Mais, lembra a vereadora da capital: “(…) ao contrário do que acontece nos restantes municípios do país, em Lisboa a competência de intervenção no âmbito da Ação Social é da responsabilidade da SCML, tanto através dos seus estatutos próprios, como através dos vários Protocolos estabelecidos com a Segurança Social”.

E para afastar quaisquer dúvidas, a vereadora elenca não um mas seis exemplos dessas falhas na reposta da SCML e que vão desde o aocmpanhamento a idosos, passando pelos sem-abrigo e crianças, até ao refugiados/imigrantes.

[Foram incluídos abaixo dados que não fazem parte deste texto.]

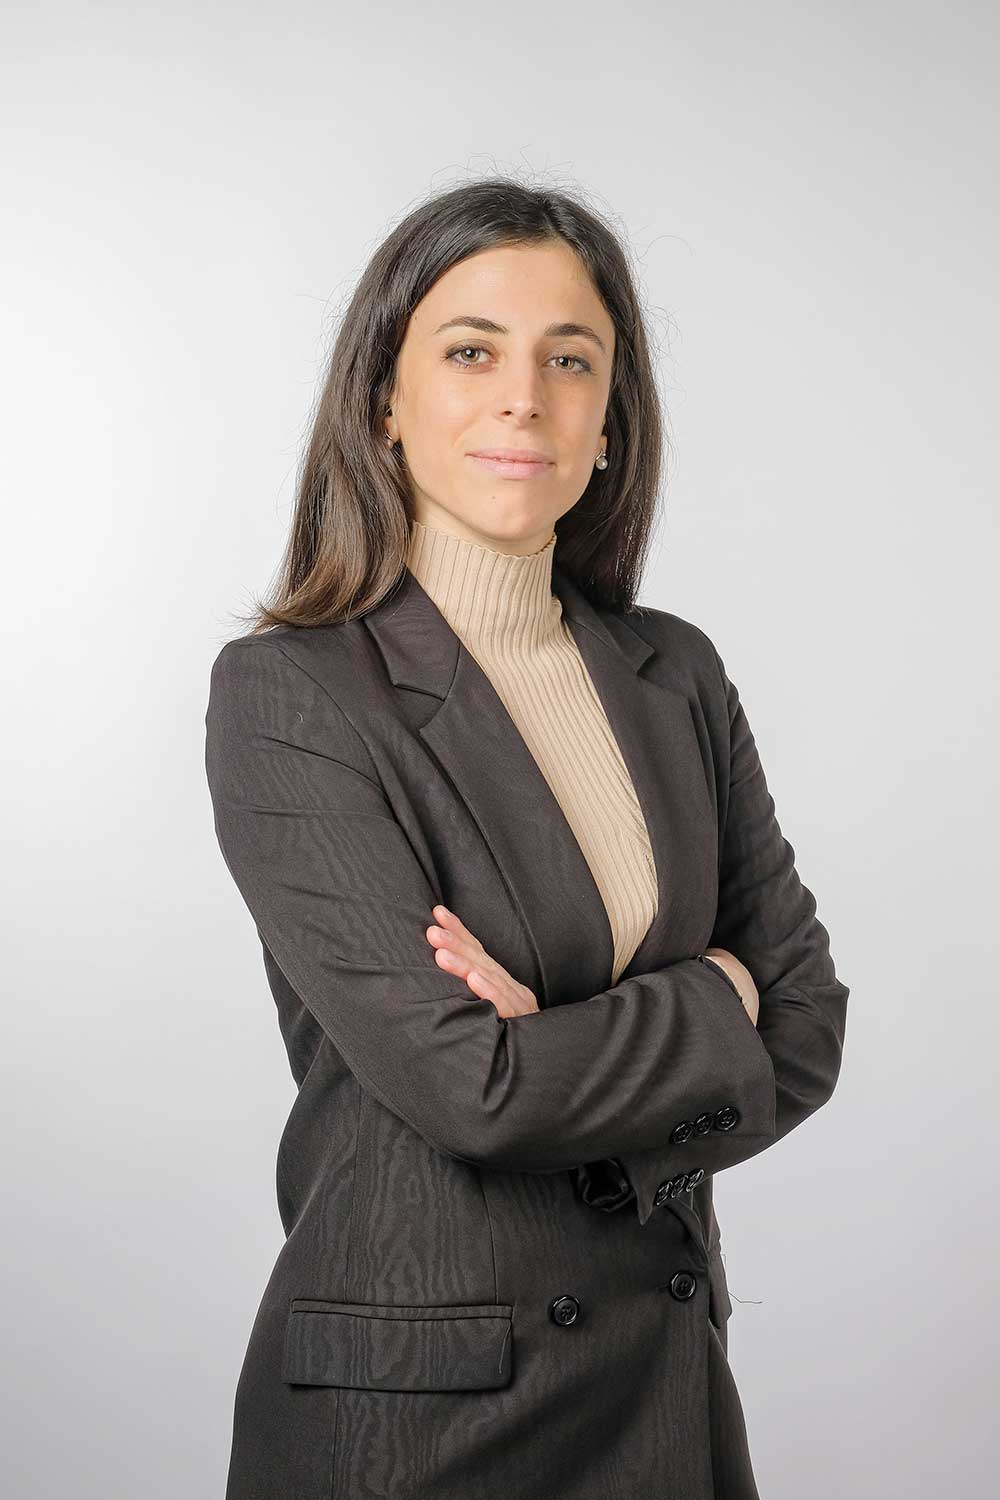 Avvocato Laura Bartolomeo

“(…) ao nível do apoio domiciliário e das equipas de apoio aos idosos, o apoio prestado pela SCML tem vindo a diminuir (…), relativamente ao Fundo de Emergência Social (FES), uma resposta de emergência criada e financiada pela CML que permite às Juntas de Freguesia (JF) dar às famílias uma resposta em situações extraordinárias, a SCML está a encaminhar cada vez mais regularmente as situações de emergência para as JF, ao invés de assumir a resposta (…)

Mas as críticas não se ficam por aqui. (…) Na área da Infância: a SCML tem assumido a gestão de inúmeras creches construídas e abertas pela CML. No entanto, a SCML tem encerrado vários dos seus equipamentos já existentes, encaminhando as crianças para as novas creches” e “na área dos refugiados/imigrantes: sempre que uma pessoa não tem a sua situação regularizada, a SCML não tem deliberadamente assegurado o papel que lhes compete na resposta de emergência”.